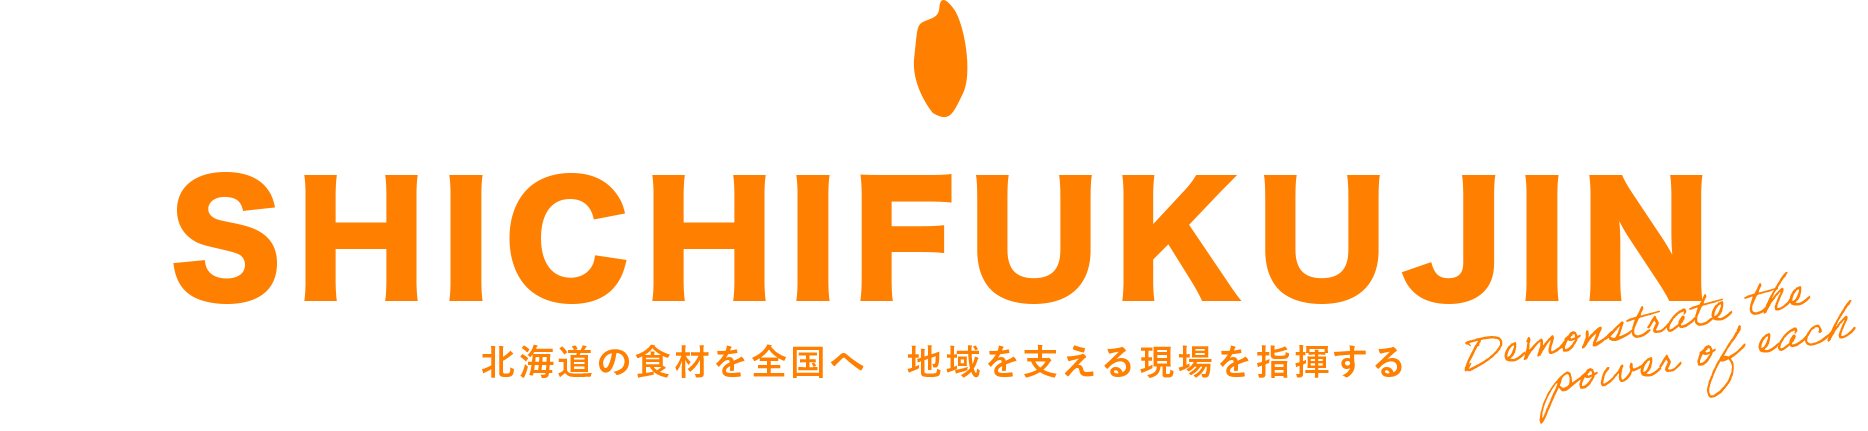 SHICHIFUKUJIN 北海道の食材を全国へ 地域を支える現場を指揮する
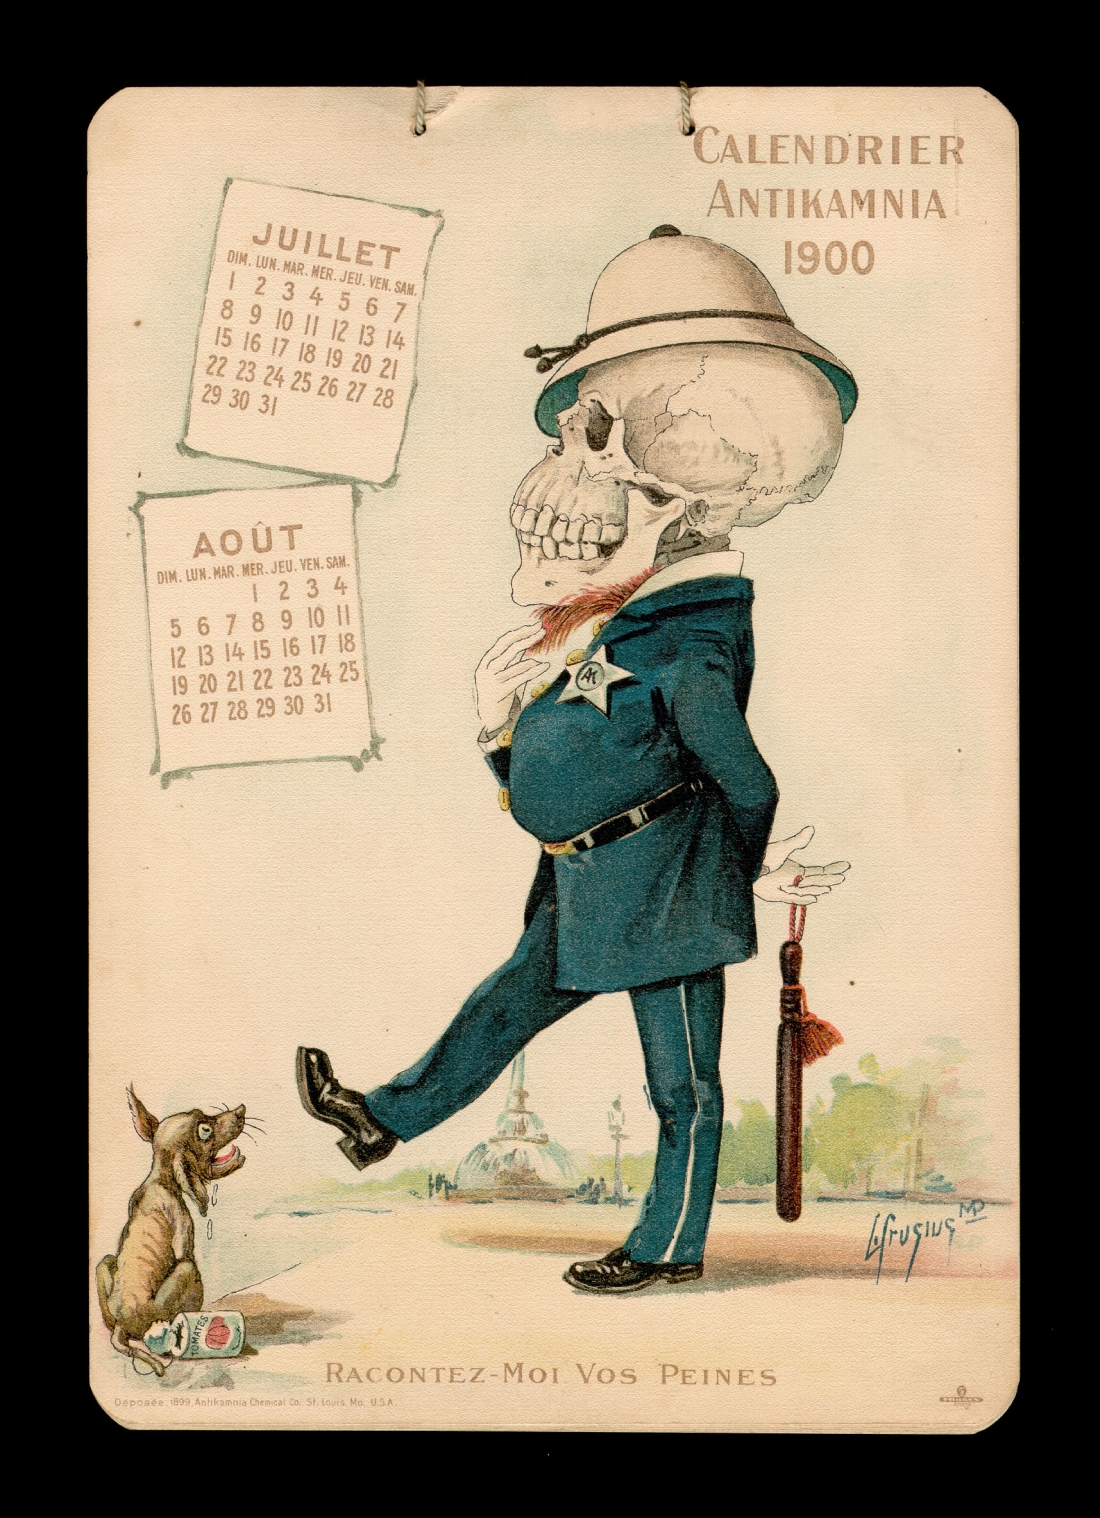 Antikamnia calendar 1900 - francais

* * *

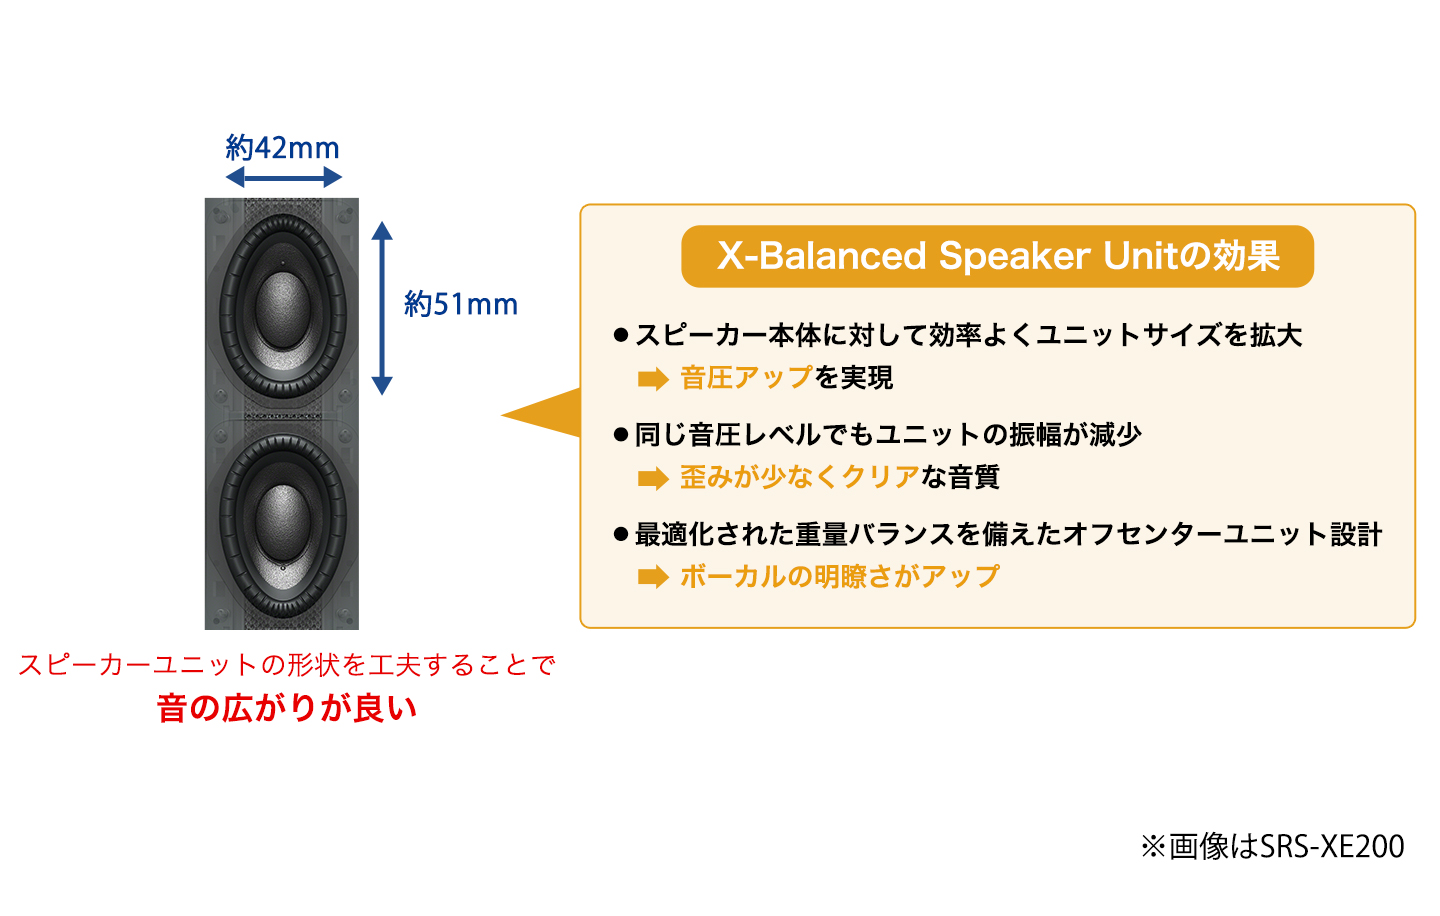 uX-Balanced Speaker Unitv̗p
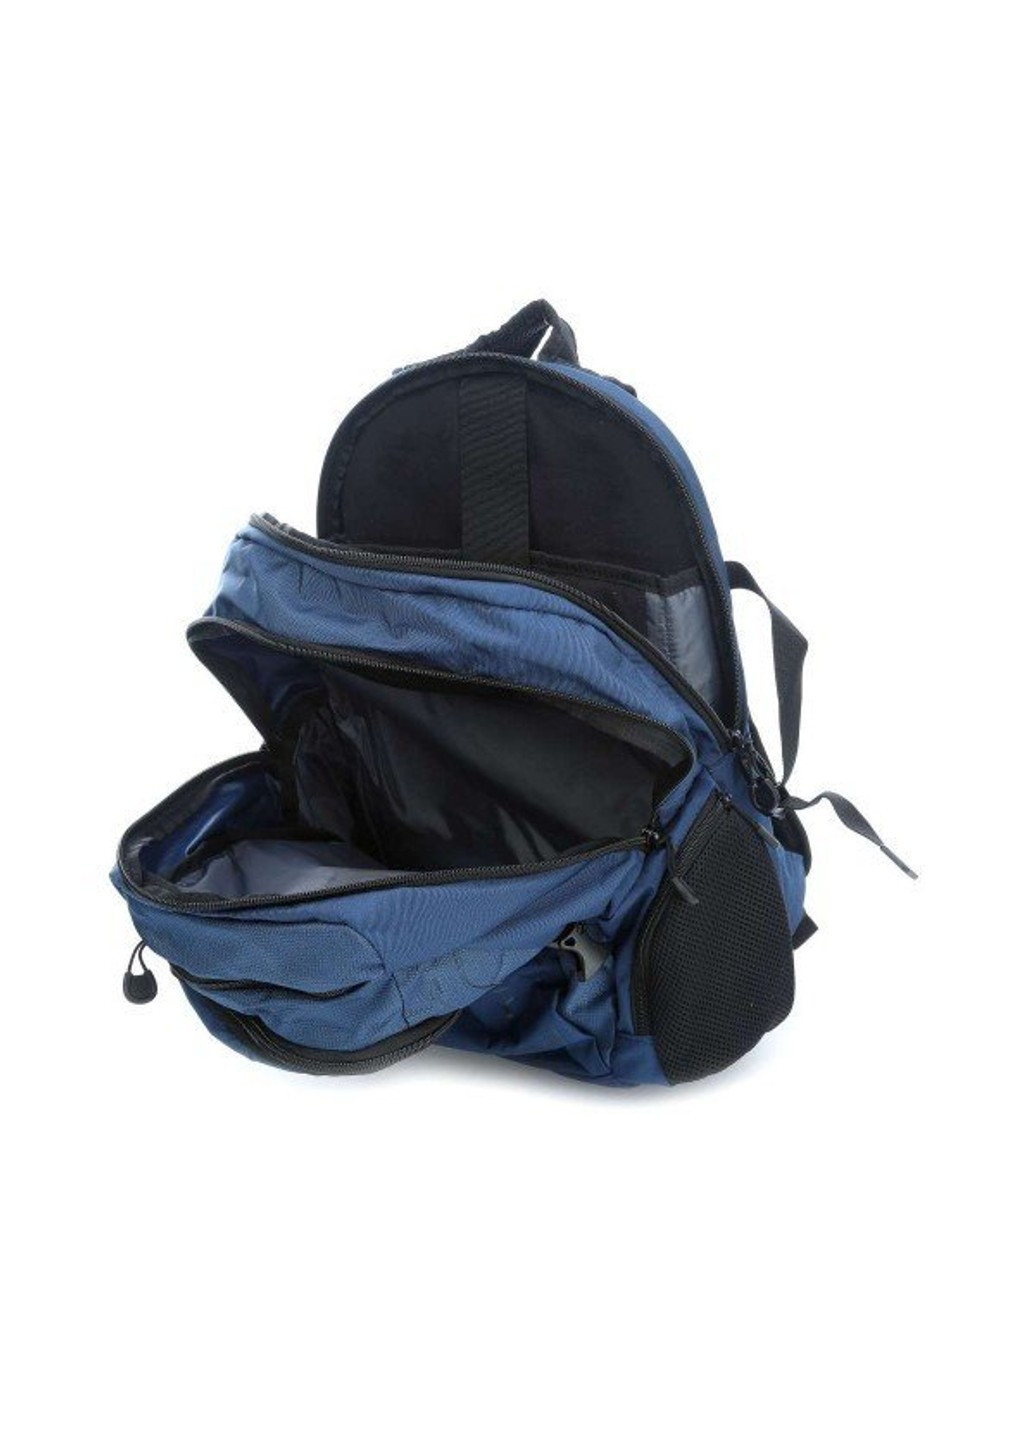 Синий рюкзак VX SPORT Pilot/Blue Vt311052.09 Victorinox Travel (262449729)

--

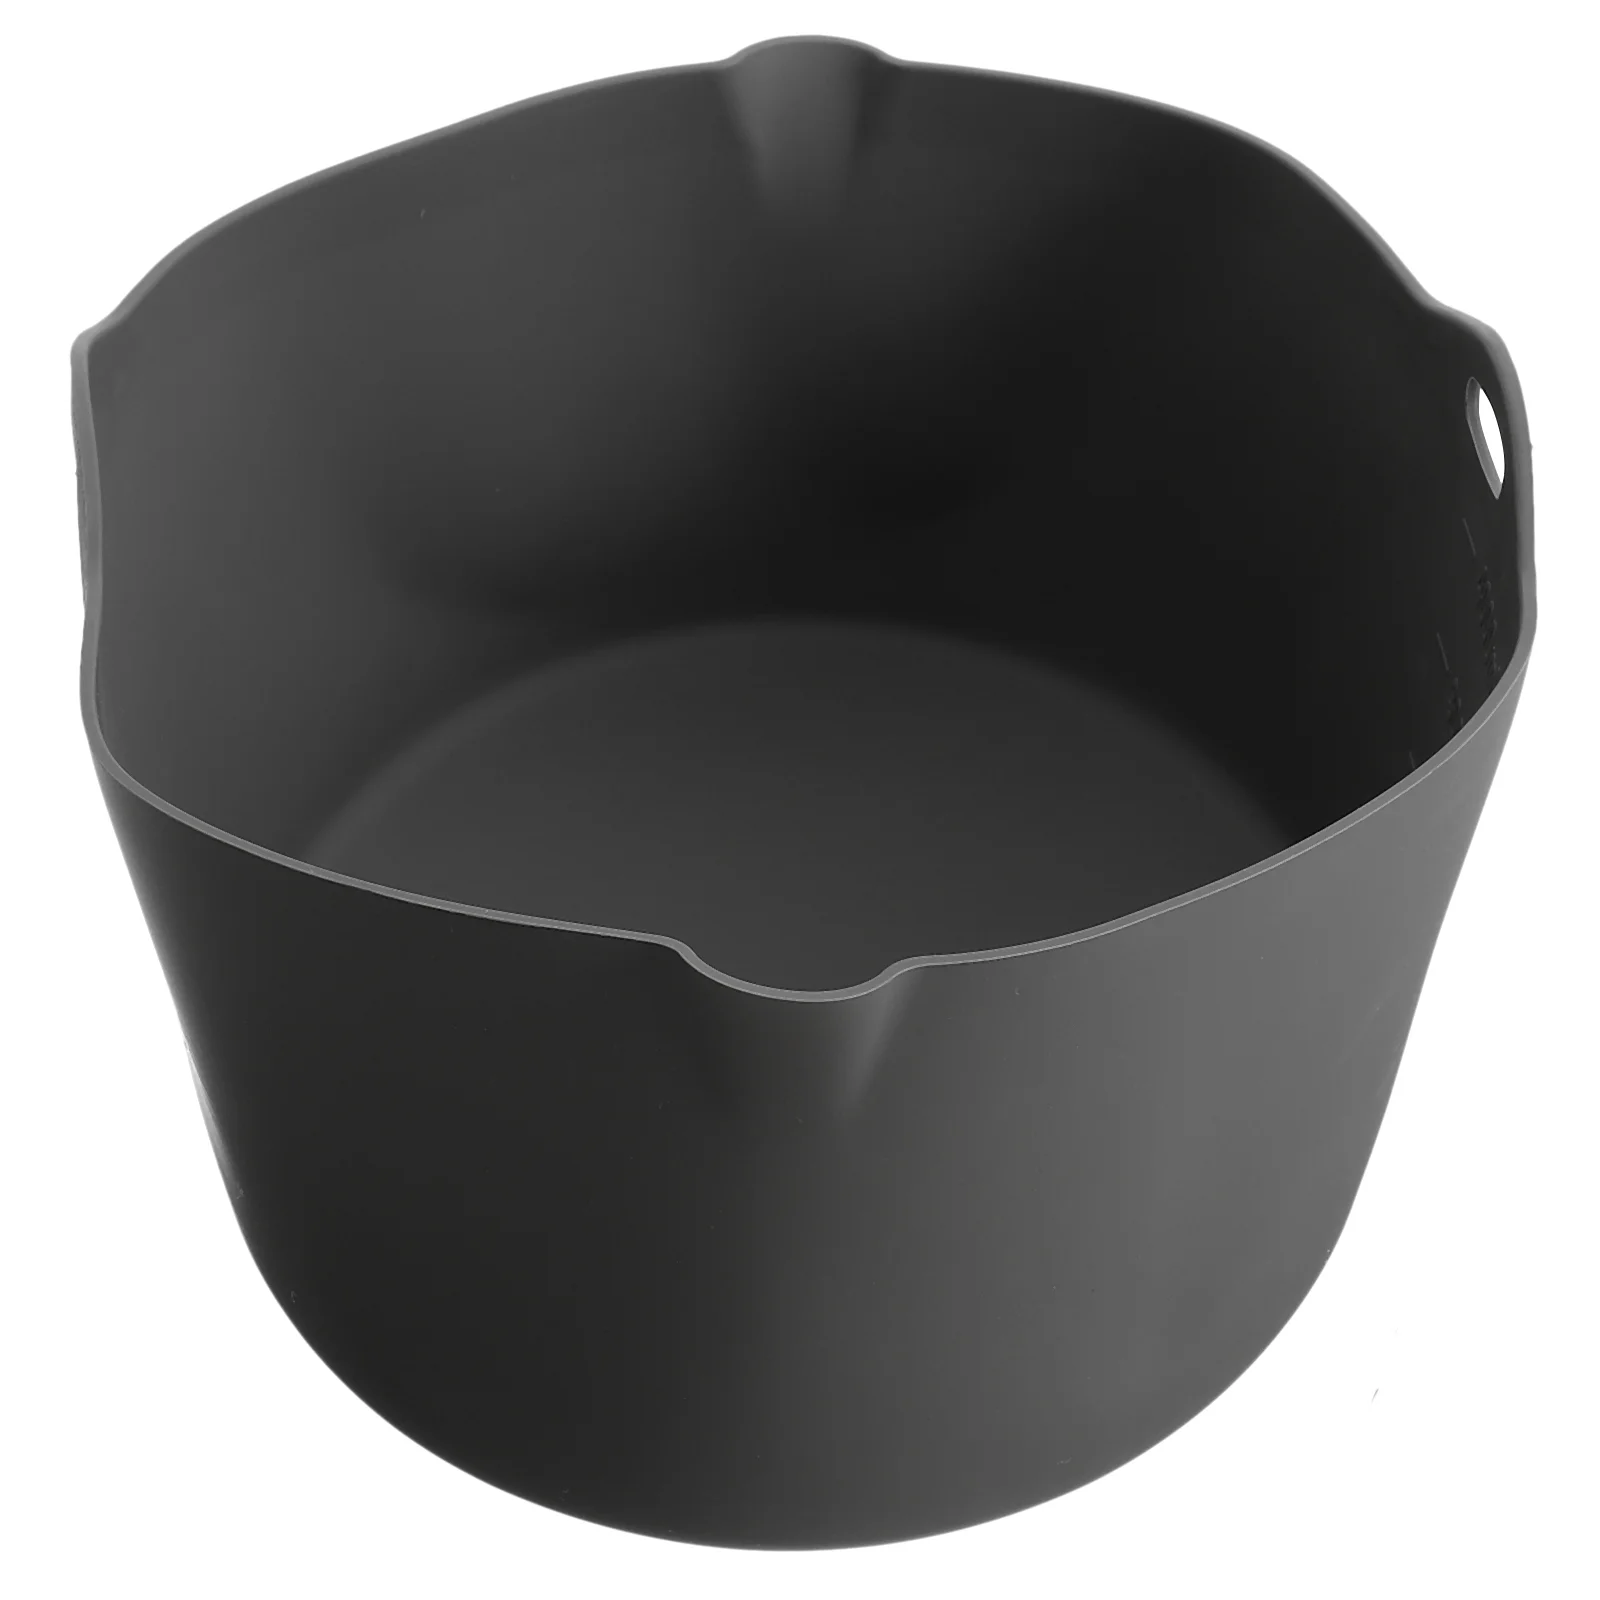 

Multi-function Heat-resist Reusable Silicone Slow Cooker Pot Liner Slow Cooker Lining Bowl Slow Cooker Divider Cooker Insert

Requirement: Exactly the lines above, from the one containing "uX-Balanced Speaker Unitv̗p" down to the one containing "Синий рюкзак VX", are to be repeated, including both ends. Pictures are not part of the copy.

Response box:
 uX-Balanced Speaker Unitv̗p
 Синий рюкзак VX SPORT Pilot/Blue Vt311052.09 Victorinox Travel (262449729)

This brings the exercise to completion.